[Numpy-discussion] Should arr.diagonal() return a copy or a view? (1.7 compatibility issue)

Frédéric Bastien nouiz at nouiz.org
Tue May 15 09:49:05 EDT 2012


In fact, I would arg to never change the current behavior, but add the
flag for people that want to use it.


1) There is probably >10k script that use it that will need to be
checked for correctness. There won't be easy to see crash or error
that allow user to see it.

2) This is a globally not significant speed up by this change. Due to
1), i think it is not work it. Why this is not a significant speed up?
First, the user already create and use the original tensor. Suppose a
matrix of size n x n. If it don't fit in the cache, creating it will
cost n * n. But coping it will cost cst * n. The cst is the price of
loading a full cache line.
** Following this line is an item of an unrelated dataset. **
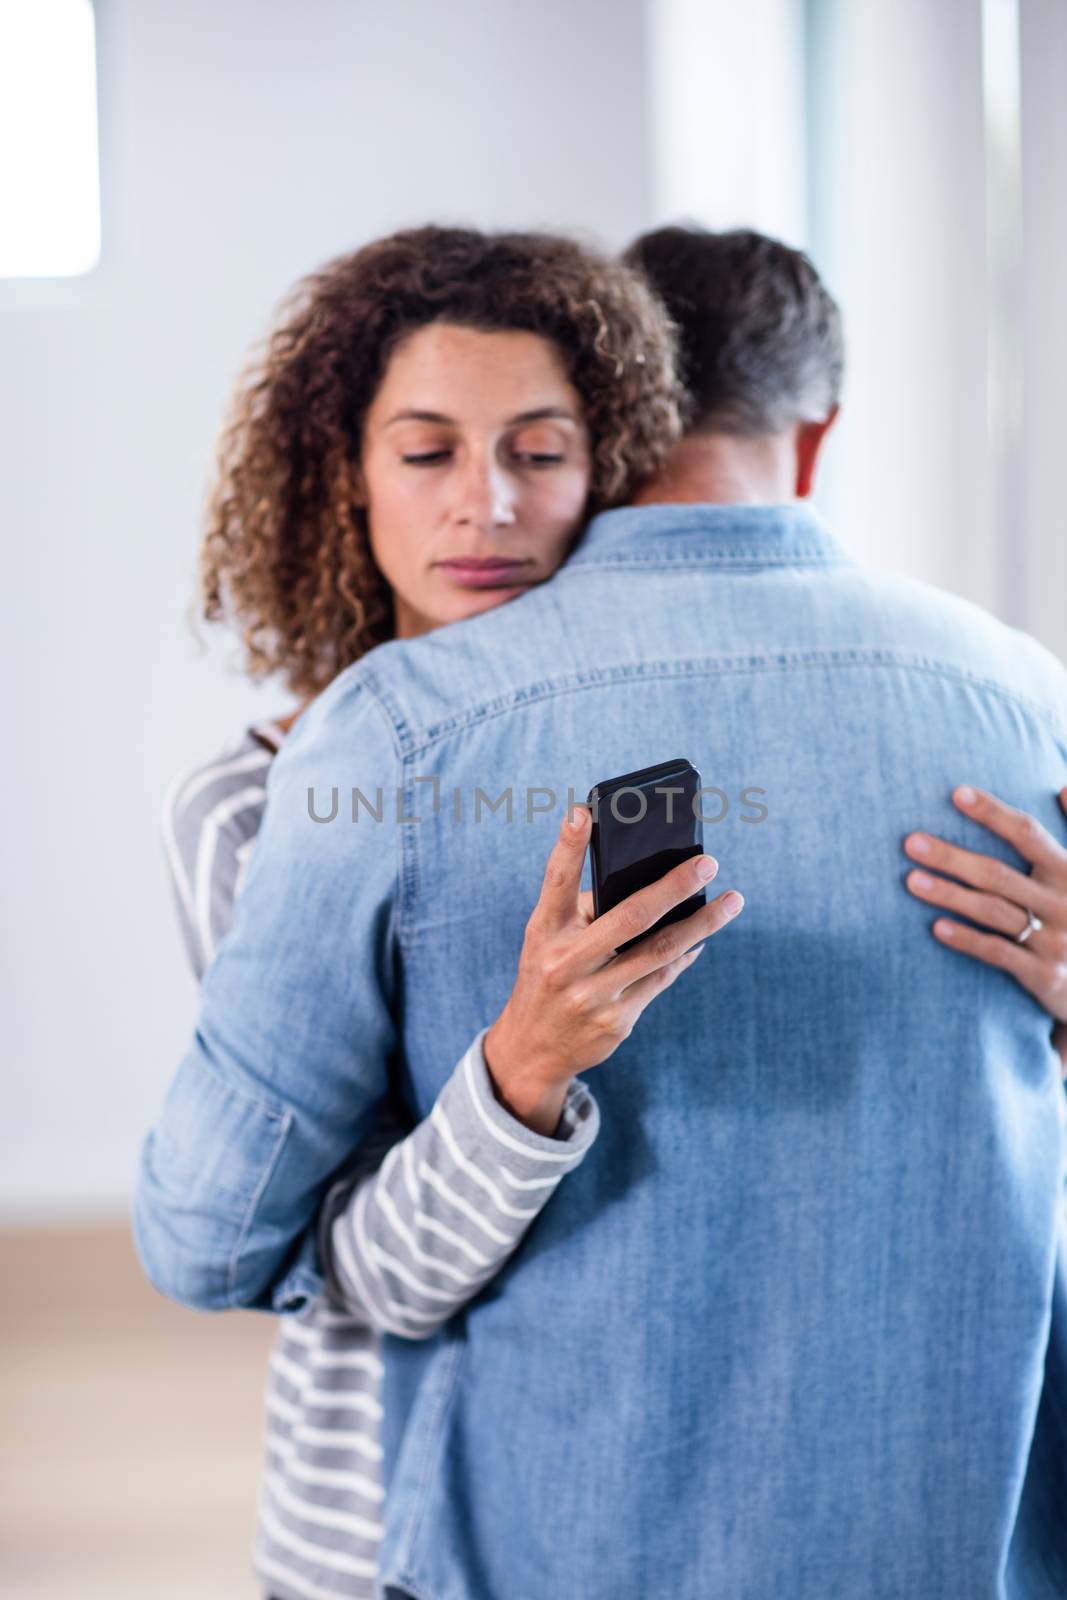 Woman checking her mobile phone while embracing a man at home

But if you return a view, you will pay this
cst price later when you do the computation. But it all case, this is
cheap compared to the cost of creating the matrix. Also, you will do
work on the matrix and this work will be much more costly then the
price of the copy.

In the case the matrix fix in the cache, the price of the copy is even lower.

So in conclusion, optimizing the diagonal won't give speed up in the
global user script, but will break many of them.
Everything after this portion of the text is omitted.